- Born: William Brent Girdler October 22, 1947 Louisville, Kentucky, U.S.
- Died: January 21, 1978 (age 30) Manila, Philippines
- Occupations: Film director; screenwriter; composer; film producer;
- Years active: 1965–1978

= William Girdler =

American film director (1947–1978)

William Girdler (October 22, 1947 – January 21, 1978), also known as Billy Girdler, was an American filmmaker. In a span of six years, from 1972 to 1978, he directed nine feature films in such genres as horror and action. Girdler also wrote and produced three of his features, Abby, Sheba, Baby and The Manitou.

==Life and career==
Girdler was born in Louisville, Kentucky. He made his first films with a home movie camera at the age of 8 and by the age of 23, produced his first film, Asylum of Satan. He was the founder of the Mid-America Pictures corporation.
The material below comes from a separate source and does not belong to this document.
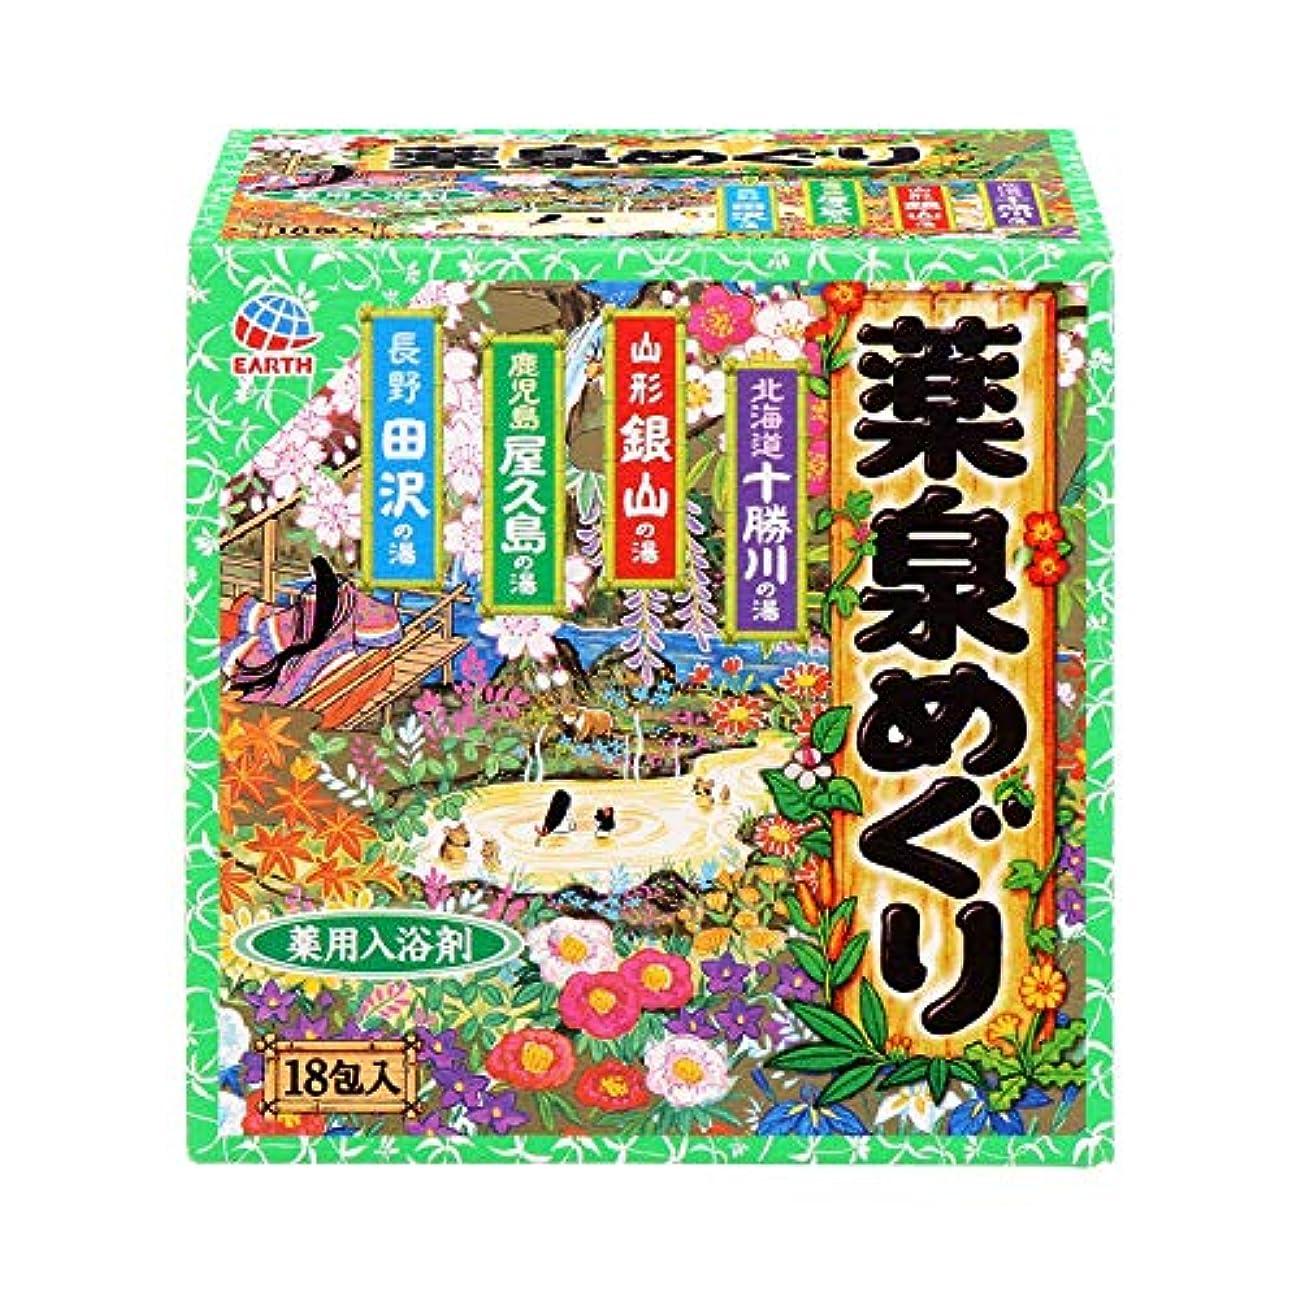 実用的晴れ周術期【アース製薬】薬泉めぐり 540g(30g*18包) ×5個セット

Among the films he directed were Asylum of Satan (1971), Three on a Meathook (1972), Zebra Killers (1973), Abby (1974), Sheba, Baby (1974), Project: Kill (1975), Grizzly (1976), Day of the Animals (1977), and The Manitou (1978), was his last film he made and released a few weeks after his death.

===Death===
William Girdler died in a helicopter crash in the Philippines about 30 miles from Manila on January 21, 1978. Along with producer Patrick Allan Kelly, Girdler was scouting filming locations for a film about drug smuggling. The body was flown from Manila to Los Angeles for a memorial service. His remains were later flown to Louisville, where he was buried in Cave Hill Cemetery.

===Personal life===
Girdler was married twice. He was first married to Barbara Peter (1945–2013). They had two children: a son, William Brent Girdler Jr, and a daughter, Barbara Laurice Girdler. Girdler was later married to photographer Avis Ann Smith, until the time of his death in 1978.